Trwa ładowanie...
Zaloguj
Notowania
Przejdź na
Sebastian Ogórek
Sebastian Ogórek
|
aktualizacja

Booksy bije dotychczasowe rekordy. Takich pieniędzy polski startup jeszcze nie widział

43
Podziel się:

Aż 70 mln dolarów, czyli ok. 260 mln zł, zainwestowały fundusze w polską platformę do umawiania wizyt Booksy. To rekord na tym etapie rozwoju spółki. Pieniądze mają sprawić, że platforma stanie się tak rozpoznawalna na rynku urodowym, jak booking.com w hotelach czy Uber w przejazdach.

Booksy bije dotychczasowe rekordy. Takich pieniędzy polski startup jeszcze nie widział
Stefan Batory, prezes Booksy (Materiały prasowe)

Marzenia Stefana Batorego i Sebastiana Maśki zamieniają się w rzeczywistość. Pierwszy to twórca aplikacji Booksy, drugi stworzył markę Versum. Obie pomagają umawiać wizyty do fryzjerów, kosmetyczek czy barberów. Zaledwie miesiąc temu informowaliśmy o połączeniu rywali. Dziś widać efekty tej synergii.

Jak udało się ustalić money.pl, Booksy (pod tą marką działa połączona firma) właśnie otrzymało 70 mln dolarów. Pieniądze wyłożyły amerykańskie fundusze inwestycyjne Cat Rock Capital oraz Sprints Capital.

Nazwy niewiele mówią? To niech przemówią startupy, jakie za nimi stoją. Wcześniej zainwestowali oni m.in. w Revoluta, międzynarodową platformę Takeaway (w Polsce działa pod marką Pyszne.pl) czy Vinted. I drogą tych startupów ma iść dziś Booksy.

- Połączenie z Versum było bardzo silnym sygnałem, że nasze duże ambicje nie są bez pokrycia. Dzięki fuzji zyskaliśmy bardzo mocną kartę przetargową w rozmowach z inwestorami - mówi money.pl Stefan Batory.

Zobacz także: Najbogatszy polski startup na zakręcie. "Wyjdziemy z tego szybko"

- 13 milionów klientów i tysiące profesjonalistów korzystających na co dzień z Booksy potwierdza, że jest ono niekwestionowanym liderem na bardzo konkurencyjnym rynku. Cieszę, że będę mógł współuczestniczyć w kolejnych etapach dalszego, dynamicznego rozwoju firmy - zachwala firmę Pierre Siri, partner operacyjny w Sprints Capital.

70 mln dolarów ma pomóc w globalnej ekspansji. Obecnie Booksy jest liderem w Polsce, ma też silną pozycję w Stanach Zjednoczonych i Wielkiej Brytanii. To właśnie na tych rynkach pieniadze mają pomóc w dalszym rozwoju.
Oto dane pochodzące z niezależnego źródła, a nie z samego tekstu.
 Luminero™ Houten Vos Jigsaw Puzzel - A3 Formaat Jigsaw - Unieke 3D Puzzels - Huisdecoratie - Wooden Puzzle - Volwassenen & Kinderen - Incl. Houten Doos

Już dziś wywodzący się z Polski, ale obecnie zarejestrowany w USA startup, ma kilka milionów użytkowników. Na jak długo starczą dodatkowe środki?

- Wszystko zależy od tego, jak bardzo agresywnie będziemy chcieli rosnąć. Obie spółki były rentowne już przed obecną rundą, jednak dzięki pozyskanym środkom będziemy mogli przyspieszyć rozwój. Obecnie jesteśmy na takim etapie, że w zasadzie w dowolnym momencie możemy powrócić do rentowności - tłumaczy Batory.
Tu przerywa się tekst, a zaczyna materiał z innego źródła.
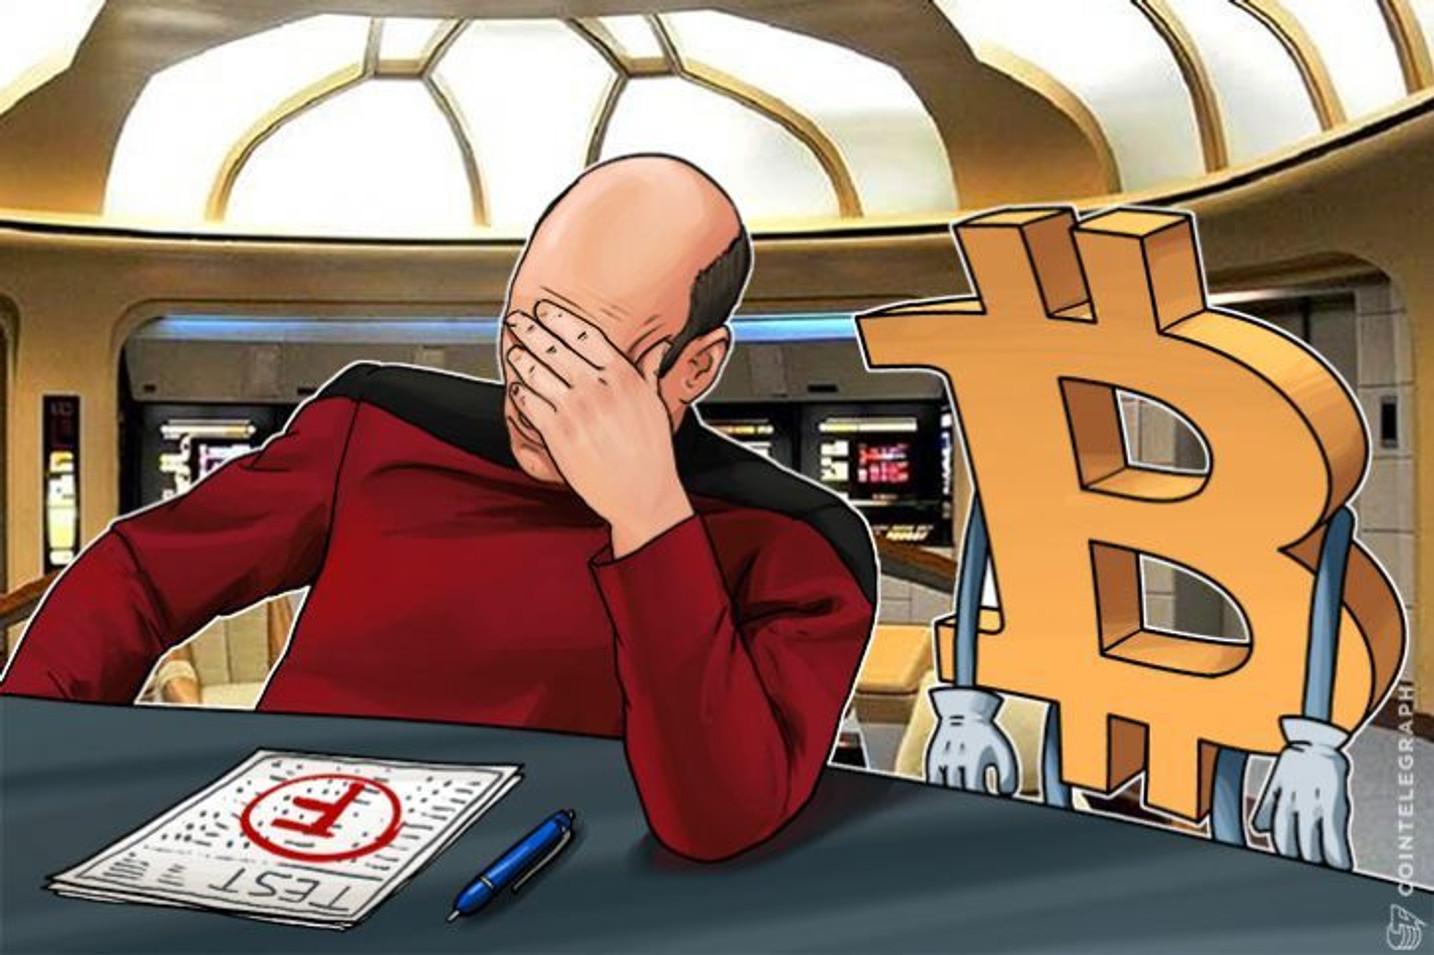 ¿Tienes FUD? Las nuevas críticas de opositores de Bitcoin son cada vez más desesperadas

Pieniądze trafią do spółki na zasadzie emisji nowych udziałów. Nie będą transzowane, czyli od razu Booksy otrzyma 70 mln dolarów. Kluczowa jest jednak wycena, po jakiej nowi inwestorzy obejmują akcje. Tej Batory zdradzić nie chce. Stwierdza jednak, że jednorożcem - czyli spółką o wycenie ponad 1 miliarda dolarów - jeszcze nie są.

- Nie możemy ujawnić wyceny spółki, ale przy obecnej trajektorii wzrostu, powinniśmy zostać unicornem w ciągu 12-18 miesięcy – mówi money.pl Batory.

Jak na niego to wypowiedź bardzo ostrożna. Kilka miesięcy temu – mimo rozpoczynającej się wówczas pandemii – twierdził, że niedługo jego firma będzie najdroższą polską spółką, a on będzie jednym z najbogatszych Polaków.

Booksy bije Brainly i DocPlanner

Historia Booksy pokazuje, że Polska może przestać się wstydzić jako jedyny kraj w Unii Europejskiej bez swojego gigastartupu. Dotąd często stawiano nas jako kopciuszka przy Estonii czy Izrealu. Nawet Białoruś miała swoje World of Tanks, które podbiło międzynarodowe rynki.

W Polsce dotąd największe środki zdobył DocPlanner – trzy lata temu zainwestowano w niego 80 mln euro, a w sumie w kilku rundach aż 150 mln dolarów. Po nim kwotę 80 mln dolarów pod koniec 2020 roku zgarnęła platforma łącząca uczniów i korepetytorów – Brainly. Od inwestorów dostała w sumie również już 150 mln dolarów.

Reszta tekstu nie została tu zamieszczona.